## Evaluate Accuracy of the Base Model
After compression, it is important to ensure that the model maintains its generative capabilities. In this step, the base model is evaluated on standard benchmarks to establish a performance baseline, which is later used to compare against the compressed model.

**Goal**: Evaluate the base (uncompressed) model on standard benchmarks to establish a performance baseline for later comparison with the compressed model.

**Key Actions**:

- We will create a function called **evaluate** that uses the `simple_evaluate` from LM Eval to test the compressed model.

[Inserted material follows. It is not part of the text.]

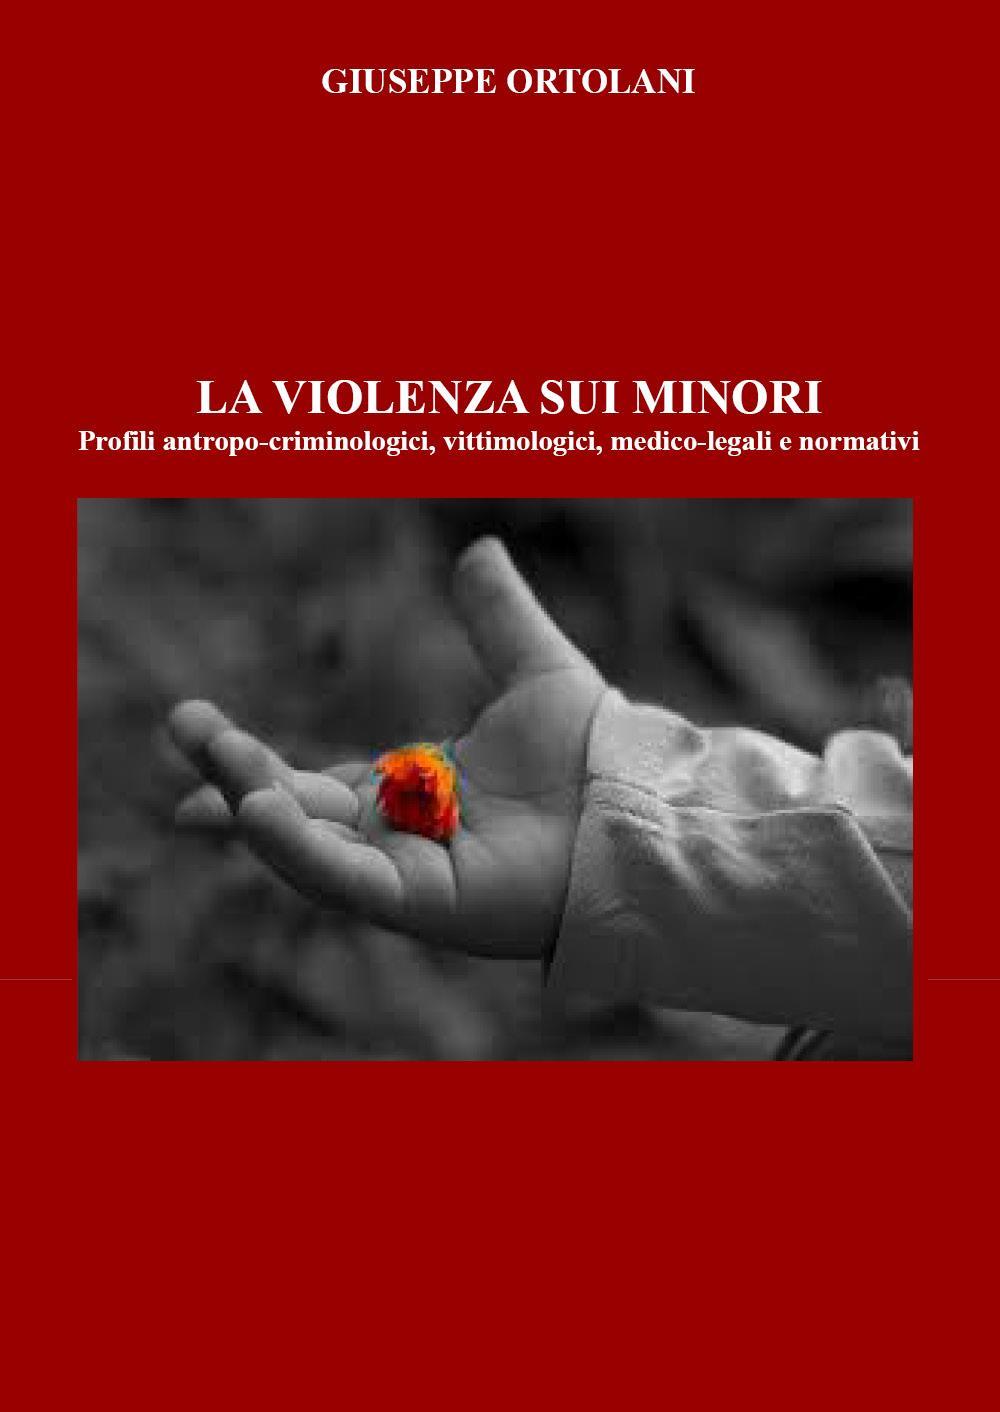 La violenza sui minori. Profili antropo-criminologici, vittimologici, medico-legali e normativi

- Benchmark on multiple datasets:

    - MMLU: General knowledge across subjects.

    - IFeval: Instruction-following tasks.

    - ARC: Logical and scientific reasoning.
    
    - HellaSwag: Commonsense completion.

- Collect metrics like accuracy, accuracy_norm, and task-specific scores.

- Save results as JSON.

**Outcome**:

- Quantitative metrics for the base model.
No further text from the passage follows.